Actually, Martin didn't "create" the character as much as he fastidiously crocheted it and then custom-tailored it to his own particular, peculiar needs. So why, you have to ask, does it wear so well on Saget, who plays it with his own wide-eyed goofy wonderment (and was getting standing ovations with it at his second-ever performance on Broadway)?

Simple, says Saget — although he didn't initially think it would be, after seeing Martin do the role recently up in Toronto. They went out to dinner afterwards, and Martin stopped Saget's trepidation in its tracks: "'No,' he said, 'you're perfect — you're a monologist. The comfort level of the audience is already there. Basically, this is a giant monologue, with asides.' I love asides — those little roads you go down — it's how I do my comedy anyway."

There are lots of back roads in this role — riffs and tangents that Man in Chair takes to teach You in Audience as fully as possible about The Drowsy Chaperone, some forgotten Broadway fluff so dear to his heart he insists on sharing it, sparing you nothing in his love offering. Given the seating capacity of the Marquis, that's a one-on-1,586 relationship, and you are all crammed into his seedy, nostalgia-stacked cold-water flat, where the show going on in his head suddenly materializes when he puts the phonograph needle to his two-disc set.
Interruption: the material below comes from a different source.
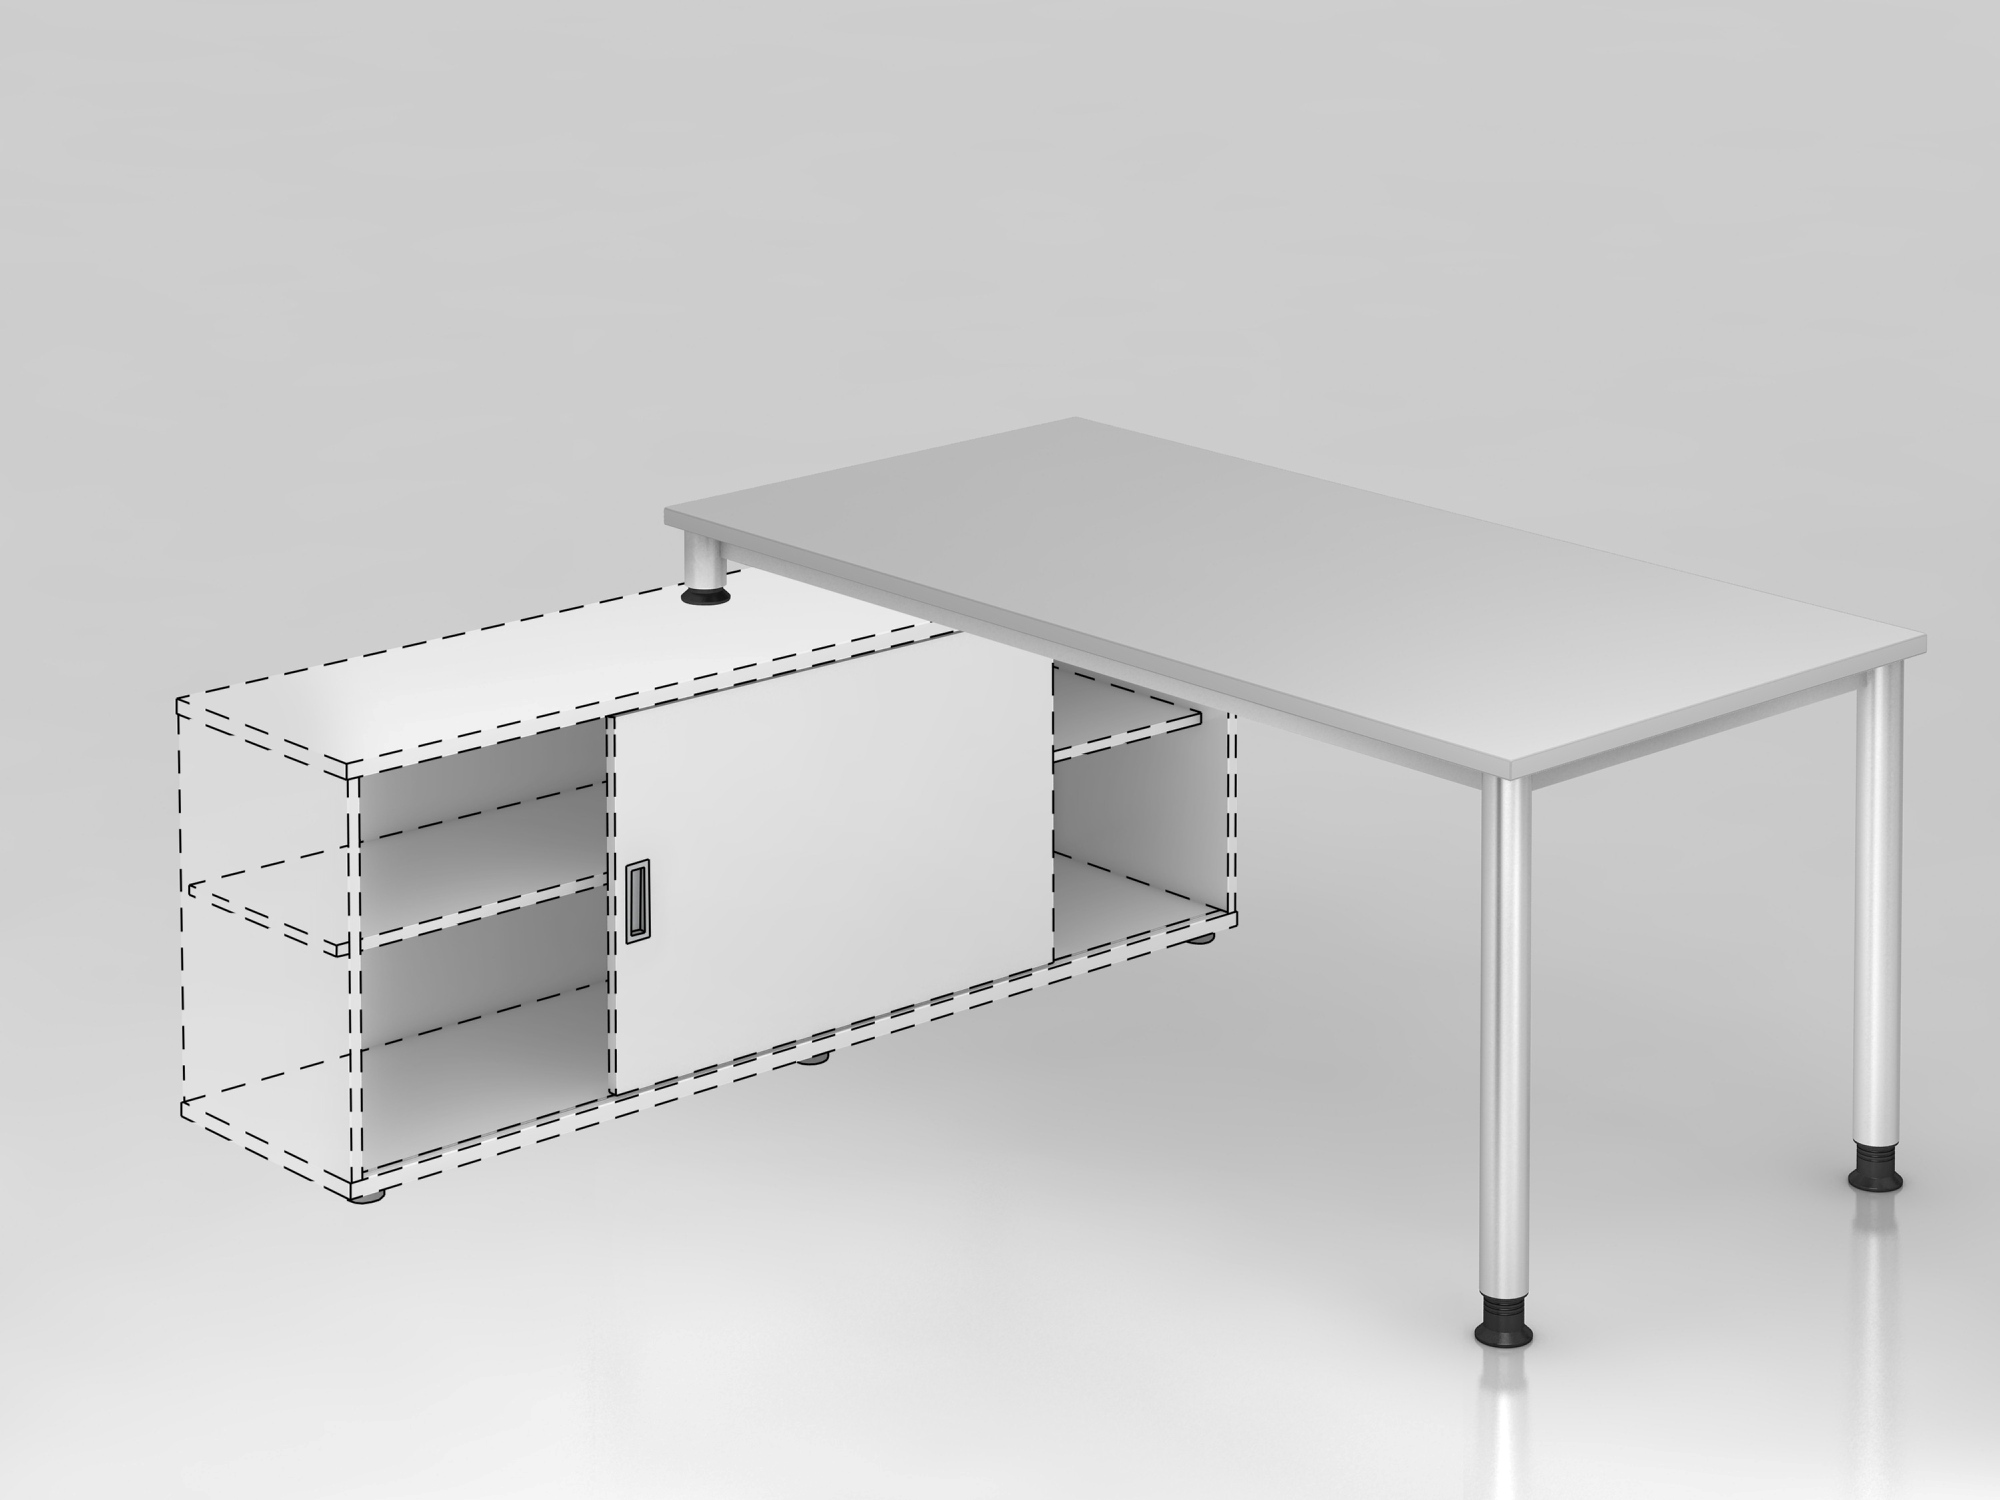 Anbauschreibtisch 4Fuß-rd.160x80cm Grau/Silb

Had this rickety old relic really opened on Broadway — at the Morosco at 217 W. 45th St., where the Marriott now stands — it would, come next Sept. 18, be 80 years old. But the now-wizened original cast — 12 principals, plus an ensemble of eight — returns younger than springtime, as Man in Chair imagines them, to illustrate his points without ever interacting with them.
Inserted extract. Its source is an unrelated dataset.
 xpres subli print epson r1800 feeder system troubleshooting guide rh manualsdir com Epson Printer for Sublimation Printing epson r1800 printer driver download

"I don't get anything back from anybody," Saget points out. "Early on, a couple of cast members came up to me and, essentially, said, 'We can't look at you. We can't touch you. We can't speak to you or acknowledge you in any way, but we're totally there for you.'"

This is when it comes in handy, having been a monologist who plays to an audience and no one else. Another thing that serves him well is his history on television. He headed "Full House" for eight years, and also put in eight years as the host of "America's Funniest Home Videos," providing comic lead-ins to the submitted film clips. Last year he resumed hosting duties on network TV via "1 vs. 100," a trivia-style game show. It did well enough to come back for seconds. He filmed eight new episodes before heading for Broadway and will "sneak away" to lens more if needed before his run ends in February.

Man in Chair couldn't be a more perfect host, twisting himself into a pretzel to please you (possibly even to convert you to his point of view). Some of his flash-forward footnotes are quirky, if not downright queasy — but Martin and co-writer Don McKellar are shrewdly echoing real-life references. Just for instance: Percy Hyman (Troy Britton Johnson), who plays the altar-bound hero, hit Saget close to home:

"You know where Man in Chair says they wheel [Hyman] in and he has that wide-eyed expression of pain and suffering that God reserves for the very, very old on their birthday — the one that goes 'Who are you? Who am I? And why is this cake on fire?' Bob Martin told me 'The Cake on Fire' was the name of a video on 'America's Funniest Home Videos.' He was thinking of that video when he wrote it and when he says it. I remember it, too. There were too many candles, and the icing caught fire, and this old man was trying to blow it out. Bob said, 'You are already in the show.'"

Saget made his first appearance on a New York stage at Second Stage in spring of 2005 in Privilege, playing a prison-bound inside trader — and family man. At his last performance, Bob Boyett bopped by. "He was an exec producer of 'Full House,' and he's since become Mr. Broadway. It's what he always wanted to do. He's the one who invited me aboard."

Now, Saget's sitting pretty between two sitcom worlds, "Full House" and "Empty Nest" — all by his lonesome as Man in Chair but able to conjure up a house full of fantasy figures.